START DATA PROVIDED

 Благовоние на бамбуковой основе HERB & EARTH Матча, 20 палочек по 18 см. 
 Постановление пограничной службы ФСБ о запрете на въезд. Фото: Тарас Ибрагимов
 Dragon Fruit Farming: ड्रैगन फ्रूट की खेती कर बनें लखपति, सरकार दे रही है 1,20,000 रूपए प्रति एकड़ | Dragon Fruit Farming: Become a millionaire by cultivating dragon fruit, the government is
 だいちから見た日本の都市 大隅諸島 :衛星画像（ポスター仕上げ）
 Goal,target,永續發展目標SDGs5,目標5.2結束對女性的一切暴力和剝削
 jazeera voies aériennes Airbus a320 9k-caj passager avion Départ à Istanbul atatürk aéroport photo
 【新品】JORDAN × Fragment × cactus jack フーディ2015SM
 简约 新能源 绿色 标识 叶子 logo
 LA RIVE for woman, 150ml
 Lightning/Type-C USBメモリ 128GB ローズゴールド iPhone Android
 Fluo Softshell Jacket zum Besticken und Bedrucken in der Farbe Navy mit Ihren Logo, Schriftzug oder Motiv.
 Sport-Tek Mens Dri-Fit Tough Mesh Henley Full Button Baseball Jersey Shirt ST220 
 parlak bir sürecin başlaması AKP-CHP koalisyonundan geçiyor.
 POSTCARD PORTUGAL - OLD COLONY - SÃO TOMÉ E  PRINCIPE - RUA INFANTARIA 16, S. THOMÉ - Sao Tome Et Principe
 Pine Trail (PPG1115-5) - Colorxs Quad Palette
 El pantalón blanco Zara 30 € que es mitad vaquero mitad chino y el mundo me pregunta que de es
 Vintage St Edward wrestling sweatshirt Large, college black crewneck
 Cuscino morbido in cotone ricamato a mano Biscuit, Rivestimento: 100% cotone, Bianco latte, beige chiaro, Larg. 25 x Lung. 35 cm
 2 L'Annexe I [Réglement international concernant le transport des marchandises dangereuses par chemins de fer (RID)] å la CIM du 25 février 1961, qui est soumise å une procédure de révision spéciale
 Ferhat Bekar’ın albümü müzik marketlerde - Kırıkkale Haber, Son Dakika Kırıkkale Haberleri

END DATA PROVIDED

**TASK REQUIREMENTS**
Nothing in the records should differ from the original when you retype them.

**EXERCISE RESPONSE**
 Благовоние на бамбуковой основе HERB & EARTH Матча, 20 палочек по 18 см. 
 Постановление пограничной службы ФСБ о запрете на въезд. Фото: Тарас Ибрагимов
 Dragon Fruit Farming: ड्रैगन फ्रूट की खेती कर बनें लखपति, सरकार दे रही है 1,20,000 रूपए प्रति एकड़ | Dragon Fruit Farming: Become a millionaire by cultivating dragon fruit, the government is
 だいちから見た日本の都市 大隅諸島 :衛星画像（ポスター仕上げ）
 Goal,target,永續發展目標SDGs5,目標5.2結束對女性的一切暴力和剝削
 jazeera voies aériennes Airbus a320 9k-caj passager avion Départ à Istanbul atatürk aéroport photo
 【新品】JORDAN × Fragment × cactus jack フーディ2015SM
 简约 新能源 绿色 标识 叶子 logo
 LA RIVE for woman, 150ml
 Lightning/Type-C USBメモリ 128GB ローズゴールド iPhone Android
 Fluo Softshell Jacket zum Besticken und Bedrucken in der Farbe Navy mit Ihren Logo, Schriftzug oder Motiv.
 Sport-Tek Mens Dri-Fit Tough Mesh Henley Full Button Baseball Jersey Shirt ST220 
 parlak bir sürecin başlaması AKP-CHP koalisyonundan geçiyor.
 POSTCARD PORTUGAL - OLD COLONY - SÃO TOMÉ E  PRINCIPE - RUA INFANTARIA 16, S. THOMÉ - Sao Tome Et Principe
 Pine Trail (PPG1115-5) - Colorxs Quad Palette
 El pantalón blanco Zara 30 € que es mitad vaquero mitad chino y el mundo me pregunta que de es
 Vintage St Edward wrestling sweatshirt Large, college black crewneck
 Cuscino morbido in cotone ricamato a mano Biscuit, Rivestimento: 100% cotone, Bianco latte, beige chiaro, Larg. 25 x Lung. 35 cm
 2 L'Annexe I [Réglement international concernant le transport des marchandises dangereuses par chemins de fer (RID)] å la CIM du 25 février 1961, qui est soumise å une procédure de révision spéciale
 Ferhat Bekar’ın albümü müzik marketlerde - Kırıkkale Haber, Son Dakika Kırıkkale Haberleri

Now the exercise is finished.